Sernova, FDA clarify details of diabetes drug trials
WASHINGTON Sernova has concluded a pre-investigational new drug application meeting with the Food and Drug Administration, establishing clinical trial requirements for its diabetes treatment Sertolin.
The meeting clarified details of the development path for the company’s xenotransplantation approach to treating diabetes, which involves cotransplantation of insulin-producing pig islet cells and Sertoli cells using a small subcutaneous medical device. Sertoli cells act as an anti-rejection agent, eliminating the need for anti-rejection drugs, which are immunosuppressants.
The next stage for Sertolin will be a pivotal large-animal trial, leading to a Phase I/II human trial, the company said.
Sernova plans to begin the large-animal trial in approximately six months, according to chief executive officer Justin Leushner. It is expected to take 18 months to complete and will assess the long-term safety and efficacy of Sertolin.
Sanofi-Aventis, Debiopharm sue W.C. Heraeus over Eloxatin patent
BRIDGEWATER, N.J. Sanofi-Aventis and Debiopharm have filed a lawsuit in the U.S. District Court for the District of New Jersey against W.C. Heraeus, in which they accuse the company of helping generic drug makers infringe a patent on their active ingredient for the colorectal cancer drug Eloxatin.
In the suit, the plaintiffs claim that Heraeus manufactured the active pharmaceutical ingredient in Eloxatin for Mayne Pharma, Sandoz and Ebewe Pharma.

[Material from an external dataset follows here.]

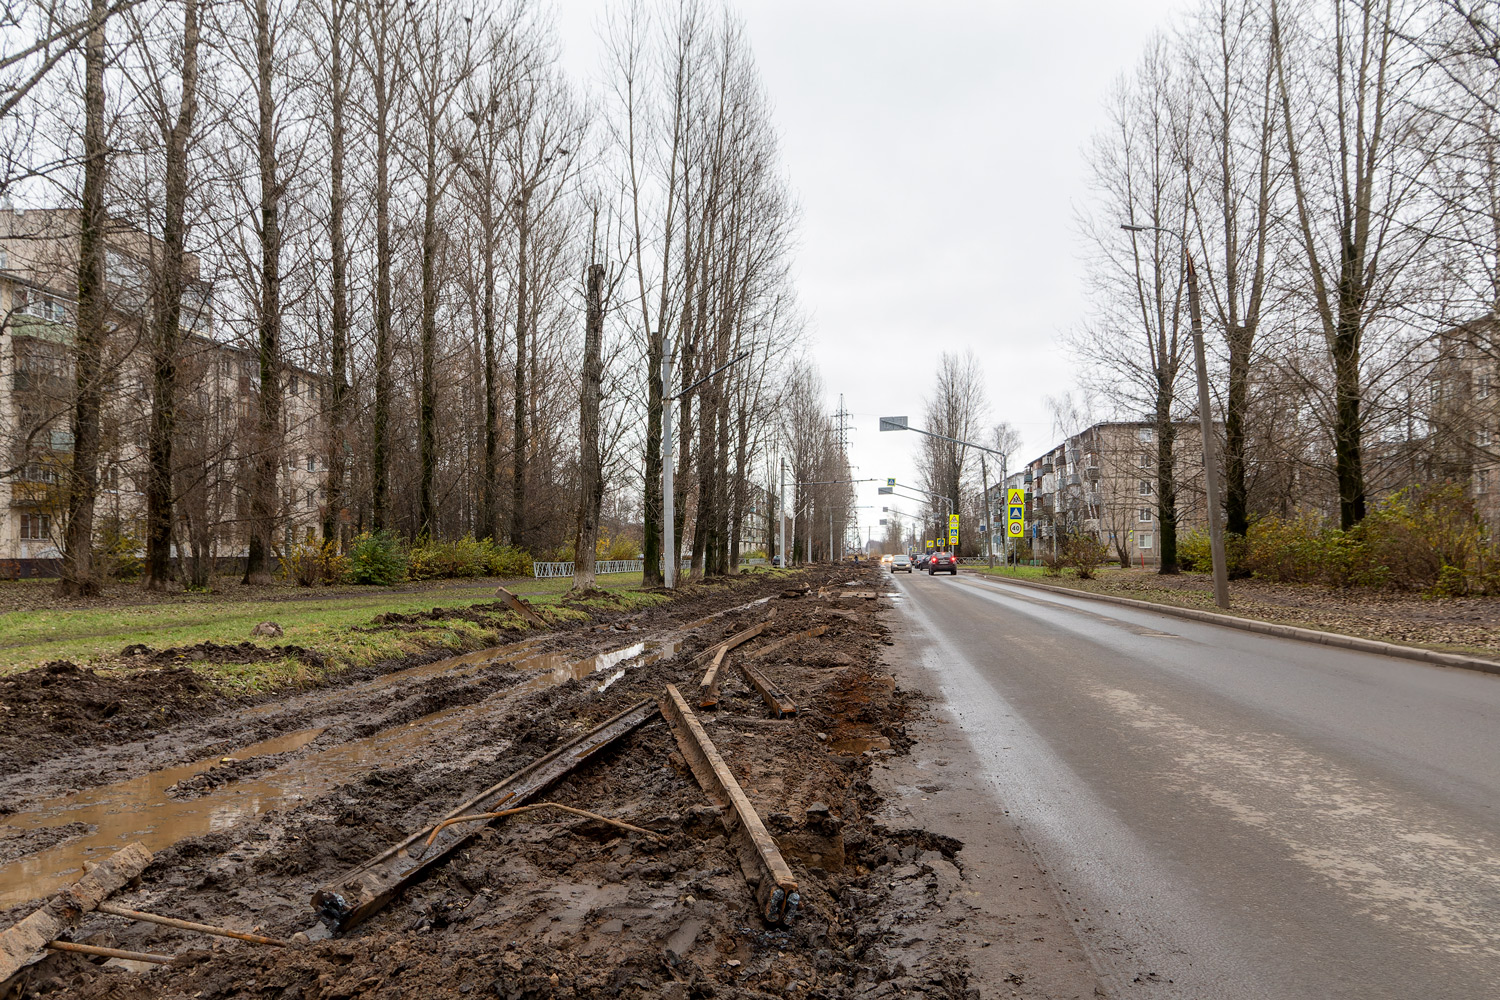 Ярославль — Реконструкция трамвайной сети в рамках концессионного соглашения. Этап №1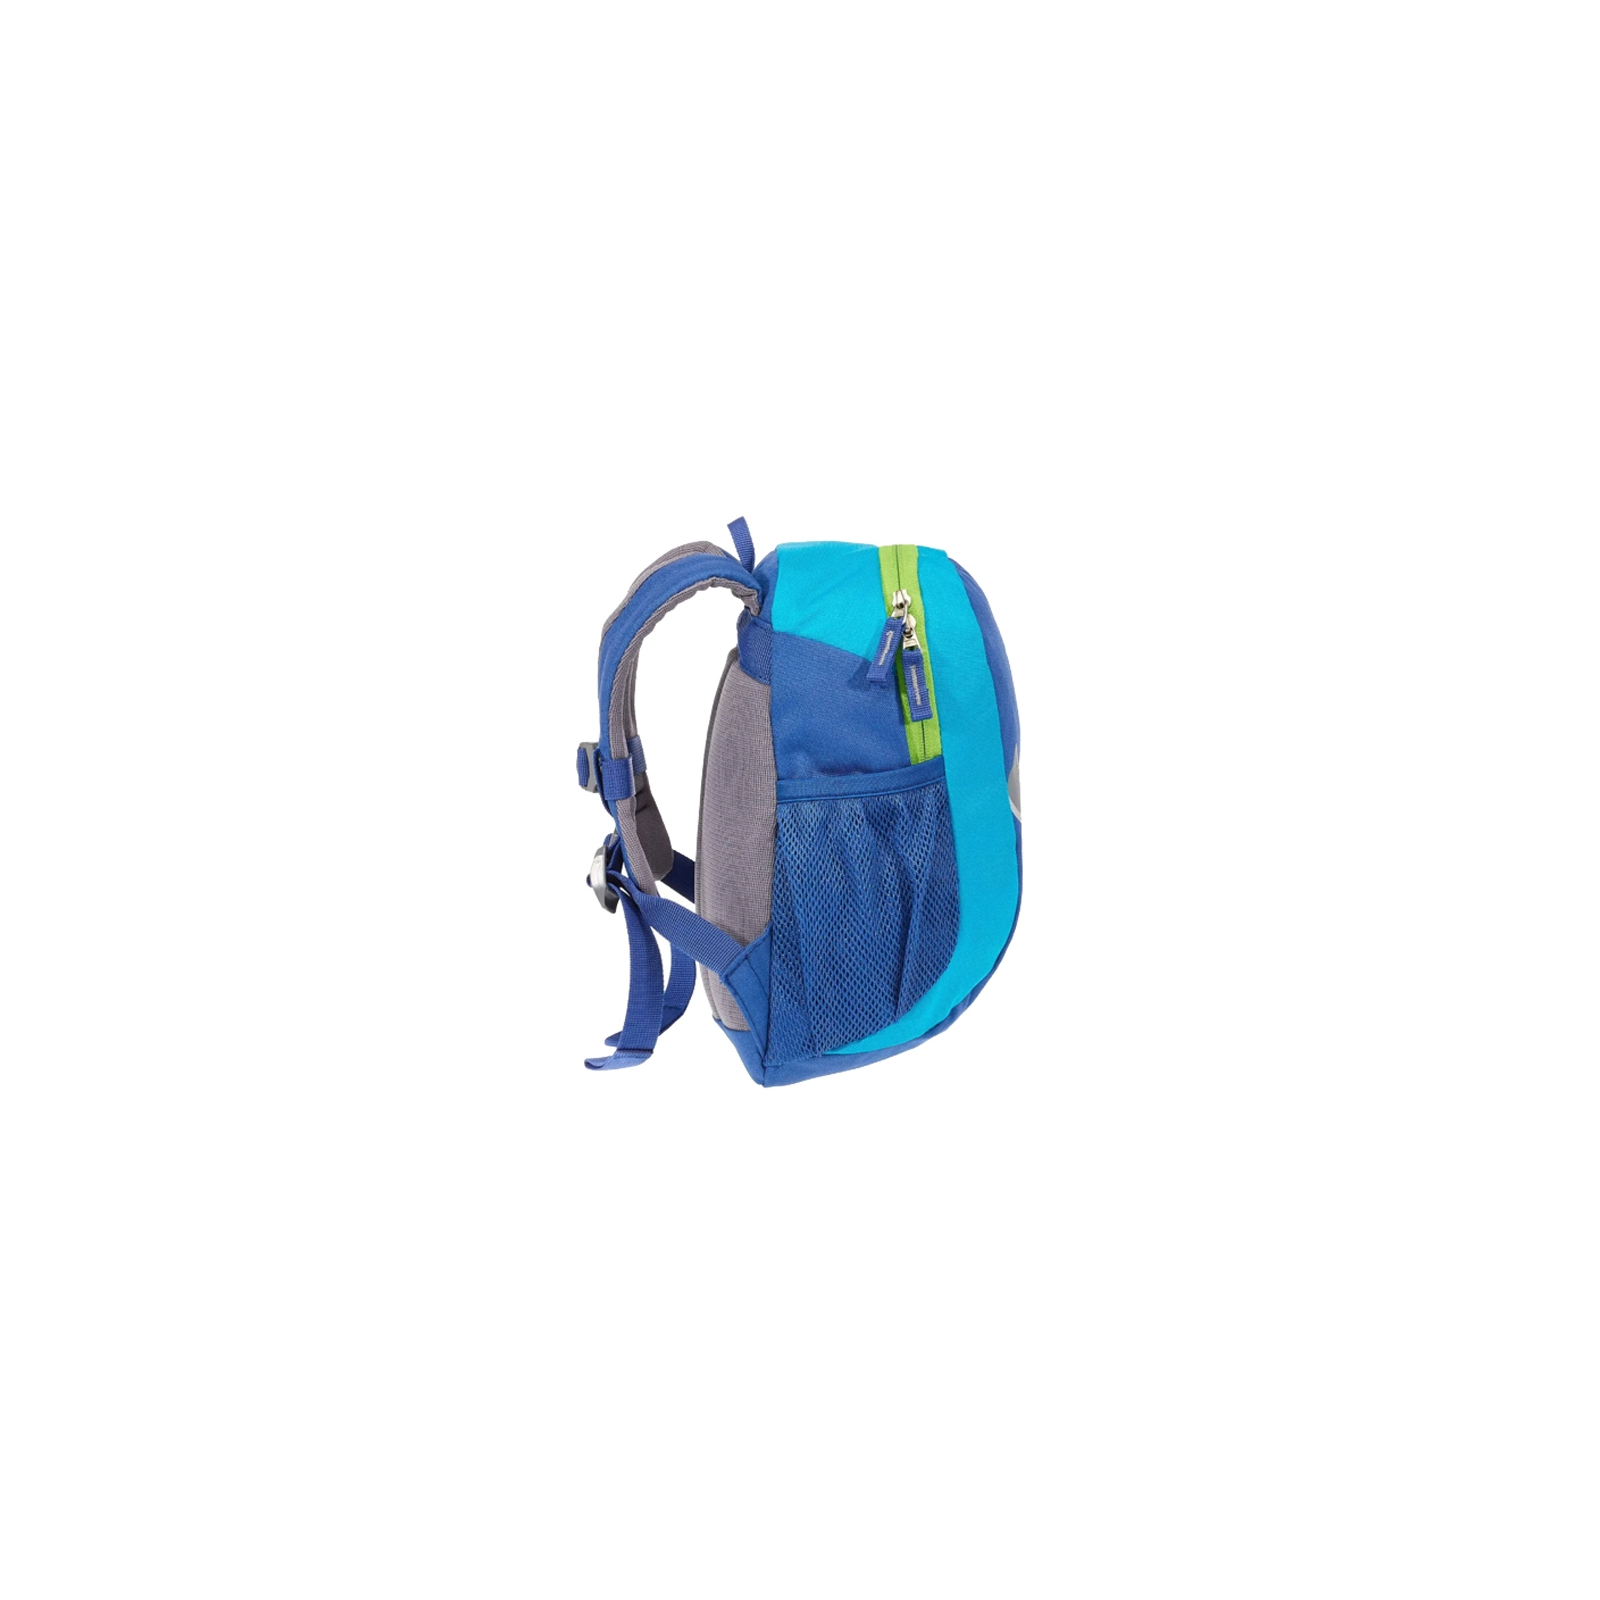 Рюкзак шкільний Deuter Pico 3391 indigo-turquoise (36043 3391) зображення 5

The three companies independently submitted applications to sell generic versions of the drug before the 2013 expiration of the ‘874 patent.
Sanofi and Debiopharm have asked the court to issue a permanent injunction restraining Heraeus and its officers from selling and importing generic oxaliplatin products claimed in the patent into the U.S.
Currently, there are no FDA-approved generic versions of the drug, which had worldwide sales of $2.35 billion in 2007, according to Sanofi.
FutureScripts launches new Web site
PHILADELPHIA FutureScripts, a pharmacy benefit manager in Philadelphia, has unveiled a new website, www.futurescripts.com. The website is a tool for plan participants, health care professionals and benefit managers to help find key information about the drugs on FutureScripts’ formulary, how safe prescribing procedures work and much more.
“The new website allows our customers to find vital information about their medications—whether a drug is available as a generic and what that drug costs compared to similar medications,” said Paul Urick, senior vice president of FutureScripts. “Our website also provides health care professionals and plan participants the latest updates on the drugs on our formulary.”
Through the site, plan participants can find a participating pharmacy within the FutureScripts’ national network of more than 60,000 retail and specialty locations by ZIP code search or by entering a pharmacy name benefit managers can read about the latest pharmacy trends through the online FutureScripts InSight newsletter. The frequently asked questions section features the most common inquiries received by FutureScripts, ranging from ‘What is a 96-hour temporary supply?’ to ‘How do I request an exception to an age, gender, or quantity limit?’
“Overall, our new site was designed to service the needs of our customers and was developed in response to their suggestions,” said Urick. “We expect to further enhance and customize our website to fit the evolving needs of plan participants, employers, health care providers, and pharmacists.”